- **What the exercise asks**: Could you output each line below precisely as it stands, without the images?

- **Source material**:
<<<<
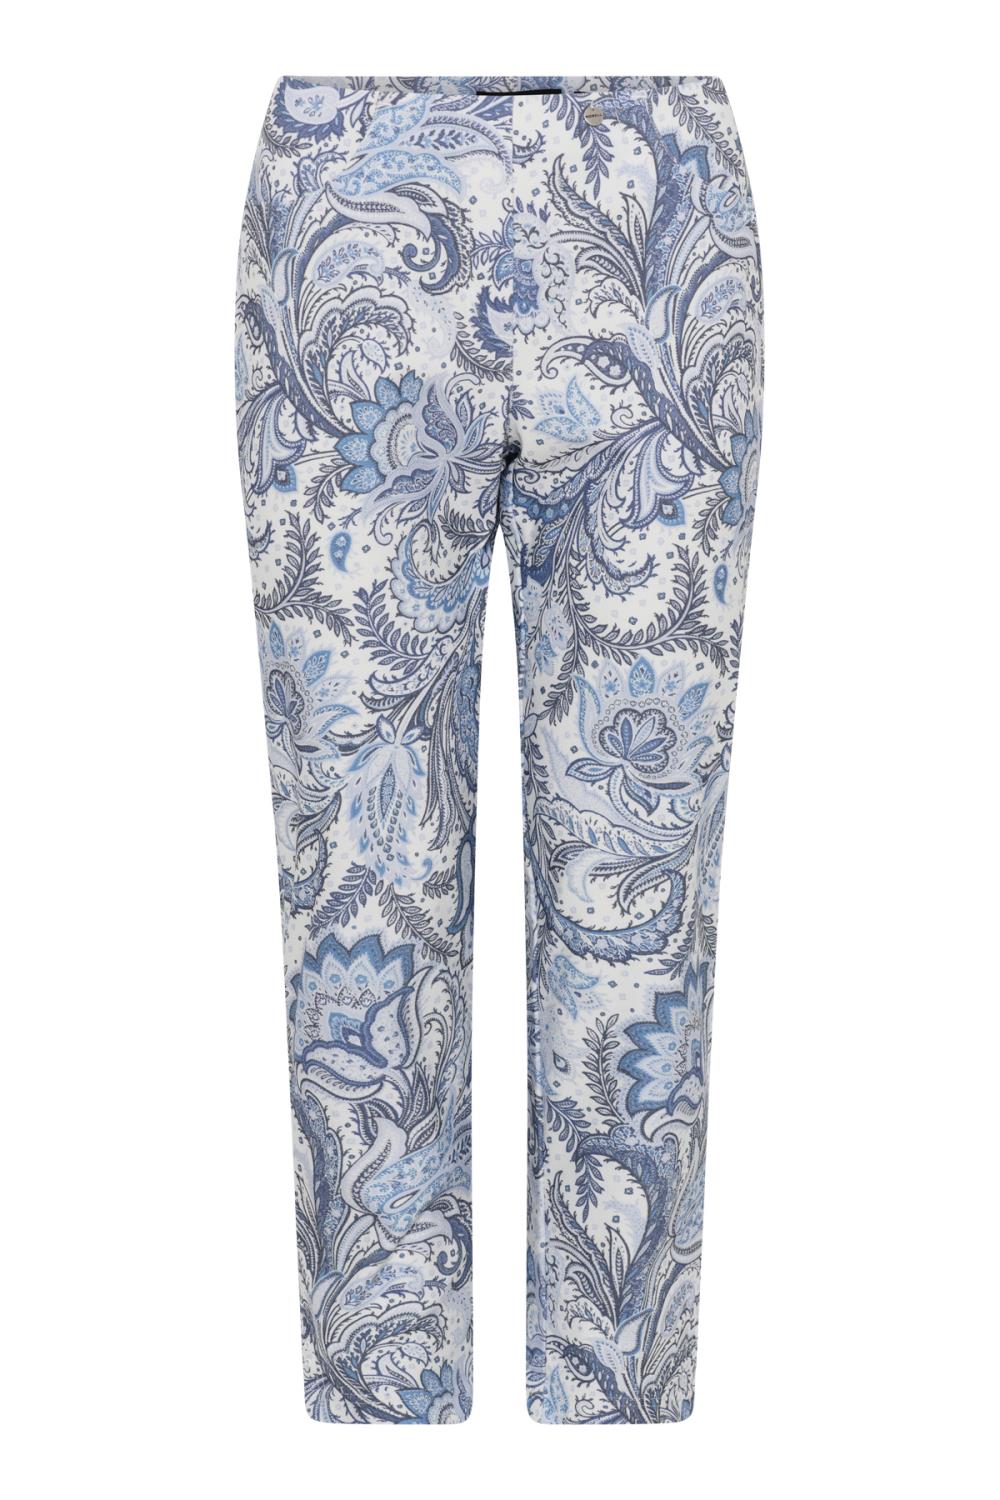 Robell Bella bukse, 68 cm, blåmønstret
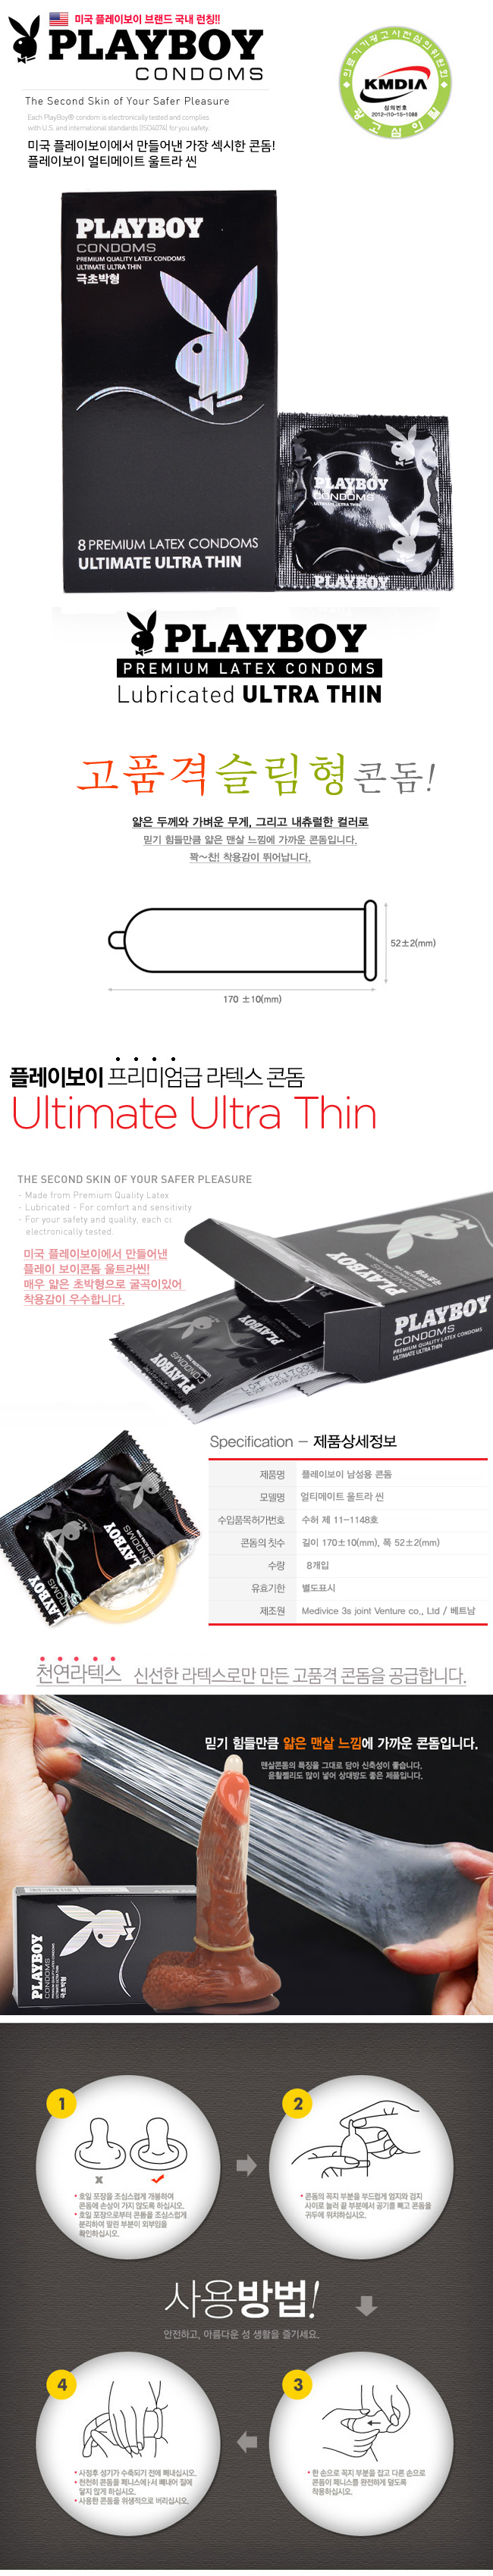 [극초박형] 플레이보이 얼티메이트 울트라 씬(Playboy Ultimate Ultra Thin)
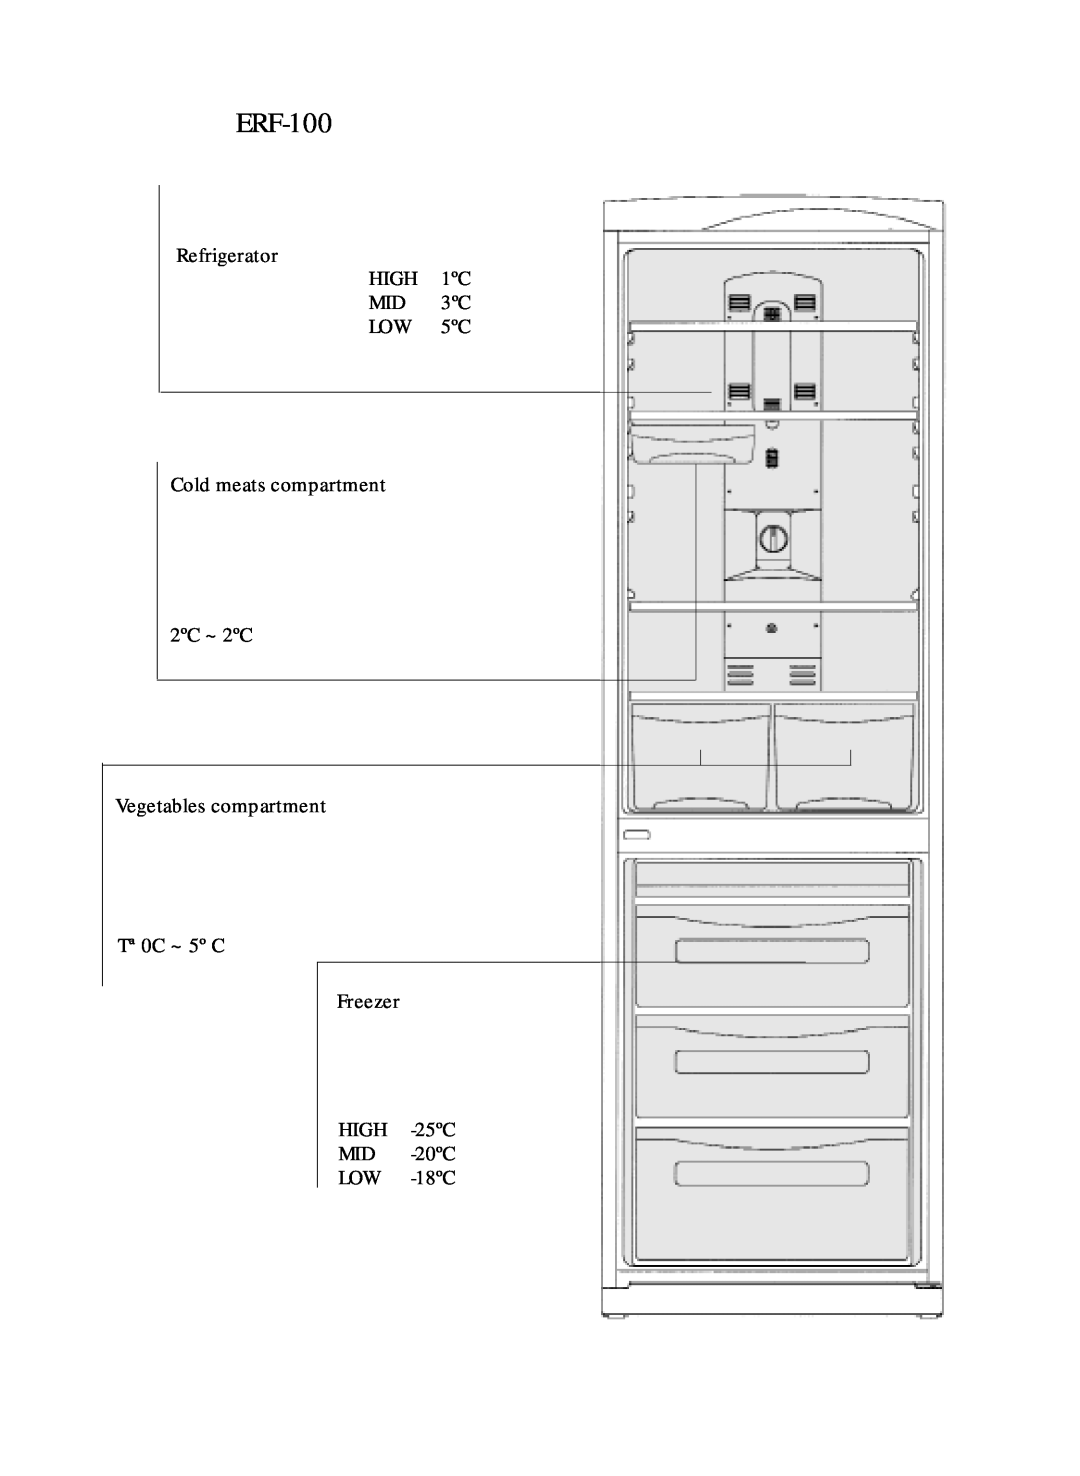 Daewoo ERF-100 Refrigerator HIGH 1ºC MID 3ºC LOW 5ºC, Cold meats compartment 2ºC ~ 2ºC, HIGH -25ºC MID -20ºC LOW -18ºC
>>>>
- **Solution to this problem**:
 Robell Bella bukse, 68 cm, blåmønstret
 [극초박형] 플레이보이 얼티메이트 울트라 씬(Playboy Ultimate Ultra Thin)
 Daewoo ERF-100 Refrigerator HIGH 1ºC MID 3ºC LOW 5ºC, Cold meats compartment 2ºC ~ 2ºC, HIGH -25ºC MID -20ºC LOW -18ºC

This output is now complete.